YAZARLAR

Zürefanın düşkünü

Zarifin hoşa giden, beğenilen biçim, görünüş, dış yüzden başka bir şeyi yoktur; içi dışı birdir. Bir başka deyişle yalan nedir bilmez, olduğu gibidir. Çünkü tıpkı küçük serseri Şarlo gibi umursamaz dar ceketini, bol pantolonunu, ayaklarına büyük gelen ayakkabılarını. Bununla birlikte mendili, şapkası, bastonu olmak zorundadır.

. . . Yokluğun mertliği öldürmediği –Emine Teyze’yi rahmetle anıyorum- bir dünya için kitlelerin başlıca işi, zarafeti üsluplarınca kazanmak olmalı.

Mert, yani ölümlü, yani insan; insan, yani kavim, halk, yani dost, yakın, evcil. Kimdir mert? Sözünün eri, güvenilir, yiğit. Demek ki yokluğun, yoksulluğun tahrip ettiği, öldürdüğü, esas olarak sözünün arkasında durmaklık, gayretkeşlik, evcillik, yakınlık, dostluk, ölümlülük. Öleceğini bildiğinde dost, yakın, evcil, gayretkeş, sözünün eri olur ölecek olan. Mertliğin, âdemliğin, insanlığın temelinde asıl olarak ölümlülük duruyor o halde. Yokluğun öldürdüğü, ortadan kaldırdığı ise ölümlülük oluyor. Yokluk, en çiğ, en insiyaki ölüm korkusuna varmıyorsa, ölecek olana mertliği (ölümlülüğü) tümüyle unutturamaz. Yani ölüm, oyun kurucu olarak hep ensemizdedir. Bu nedenle ölümü unutmaya hep yakınızdır, hep pay alıyoruzdur ondan: ya ölüm/can korkusuna büsbütün teslim olarak (ki en yalın canilik, zalimlik, faşizm buradan türer) ya ölümden var gücümüzle sonsuza/ölümsüze kaçarak (ister ölüm sorununu açık bir biçimde çözüme kavuşturduğunu iddia eden her tür dine, ister her tür hiççiliğe gömülerek) ya da ikisi arasında bir yerde duran, zulümden, hakikatçilikten, hiççilikten mürekkep gündelik olana tutunarak.

Mertliğin, yani insanı insan yapan ne varsa tümünün muhafazası için ölümün unutulmaması gerekir. Sonsuza/ölümsüze kaçış, az çok iradidir, bir tercih meselesidir. Ama can korkusu temelde gayriiradîdir; örneğin kendimize hiçbir surette yakıştıramayacağımız katillik, can korkusu marifetiyle yakamıza yapışır, ya açlıktan ölmemek ya da nefsi müdafaa için başkalarının canlarına kıyıveririz: başta içinde olmak istemediğimiz bir yarışta, canımızla tehdit edildiğimizi, oyunun bizi çaresiz bıraktığını düşündüğümüzde gözümüzün bir süre sonra kazanmak dışında hiçbir şeyi görememesi.

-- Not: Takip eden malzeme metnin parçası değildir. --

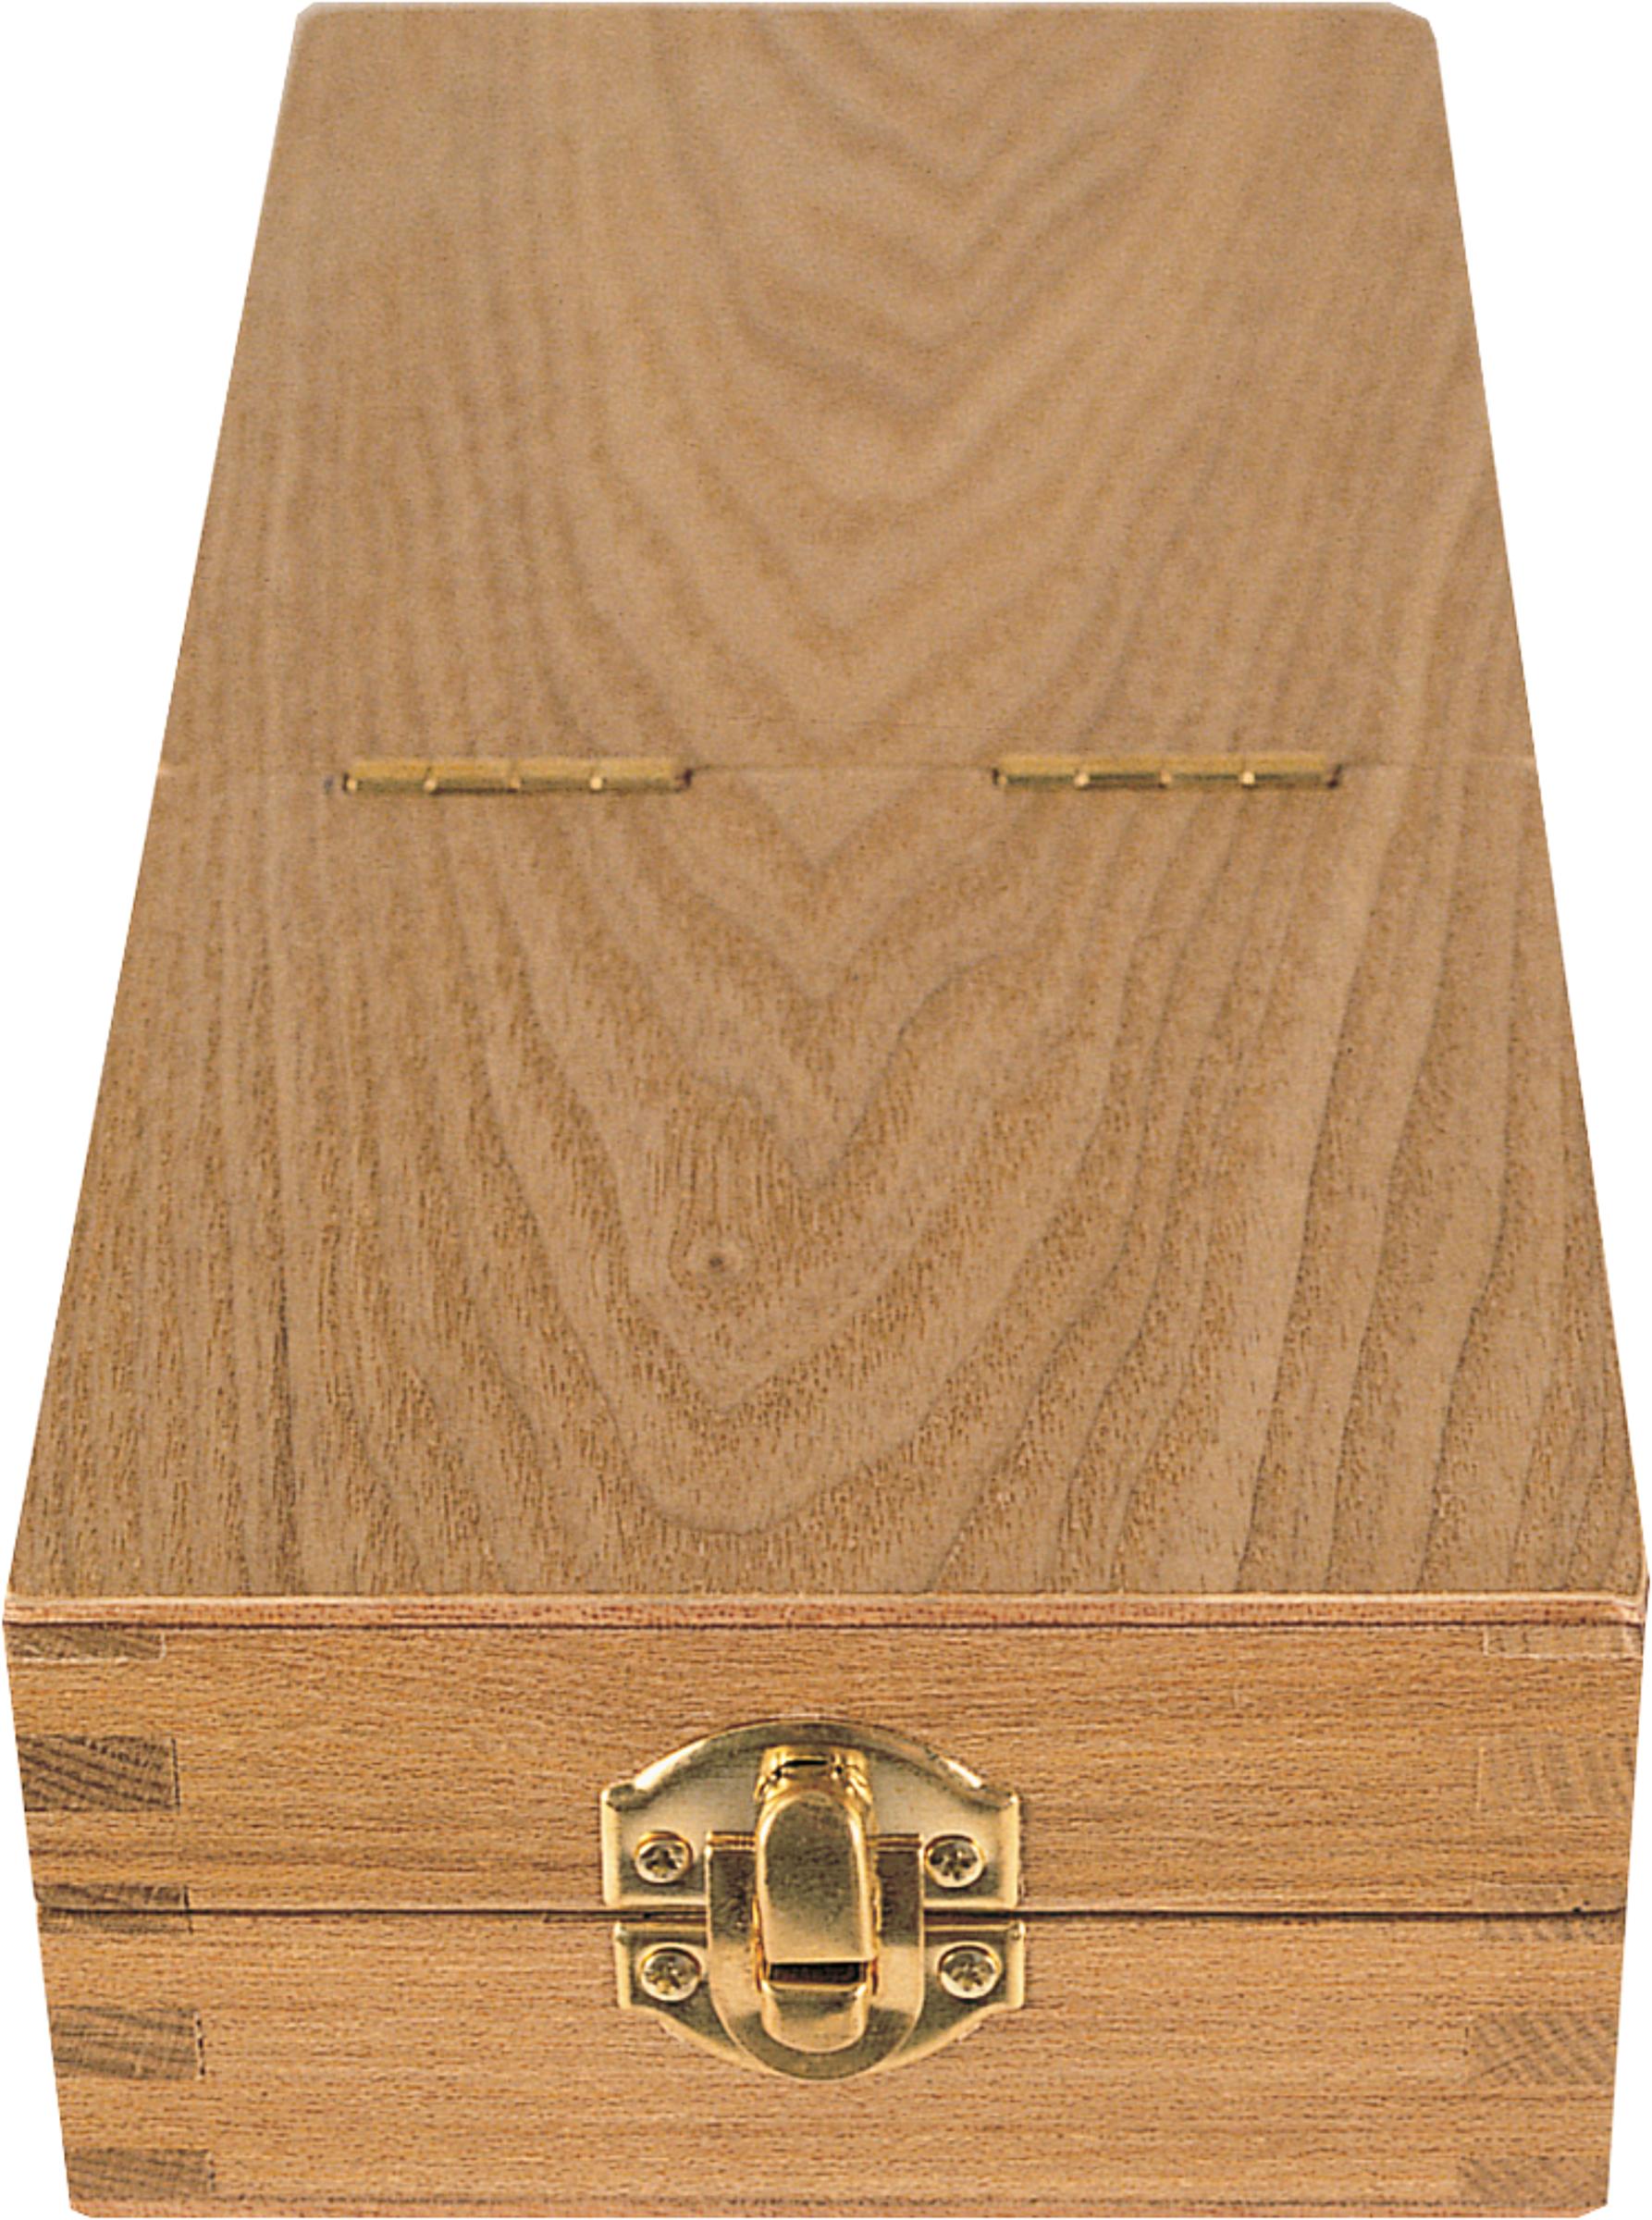 Pinsel-Box - Praktische Box zum Aufbewahren von Modellagepinseln.

Bahsi geçen kuşkusuz, insanın inanılmaz icatları arasında en başlarda sıralanacak katillik mesleği değil, katilliğin, kötülüğün herkesin başına gelebilecek, bizzat insanı, merdi ortadan kaldıran türü. Can korkusunu, yokluğu toplumsal tertibatın çekirdeği olarak ısrarla muhafaza etmek ya da ölümü unutturmak üzere insanın kültürel mirasından, altında toplanılacak sancaklar türetmek, insanı/merdi gaflete düşürmenin, yani onu yabancılaştırmanın, ona ölümlülüğünü, kendisini unutturmanın en keskin yollarıdır. Gerçek şu ki mertliği öldürmek esasen onu esir almaktır ve insanın esir alınmasının, kendine yabancılaştırılmasının en zahmetsiz yolu gündelik olanı, her gün olup biteni, sıradan olanı, ölümlülüğü unutturmanın bir aracı haline getirmektir. Örneğin günümüzde hiççiliğin bir şubesi olarak işleyen tüketimcilik mertliğin/insanlığın gündelik olan aracılığıyla zayıflatılmasının, esir alınmasının en yaygın, en güçlü yoludur. Gündelik olanın, sıradan olanın esarete düşürücülüğünün teminatı ise sığlıktır. Ortağı olduğumuz kötülüğün kendiliğinden nedeni esaretimiz, esaretimizin teminatı ise sığlık; mertliği esir almak suretiyle “öldüren” sığlık ancak asalet, yani birincillik talebiyle geriletilebilir.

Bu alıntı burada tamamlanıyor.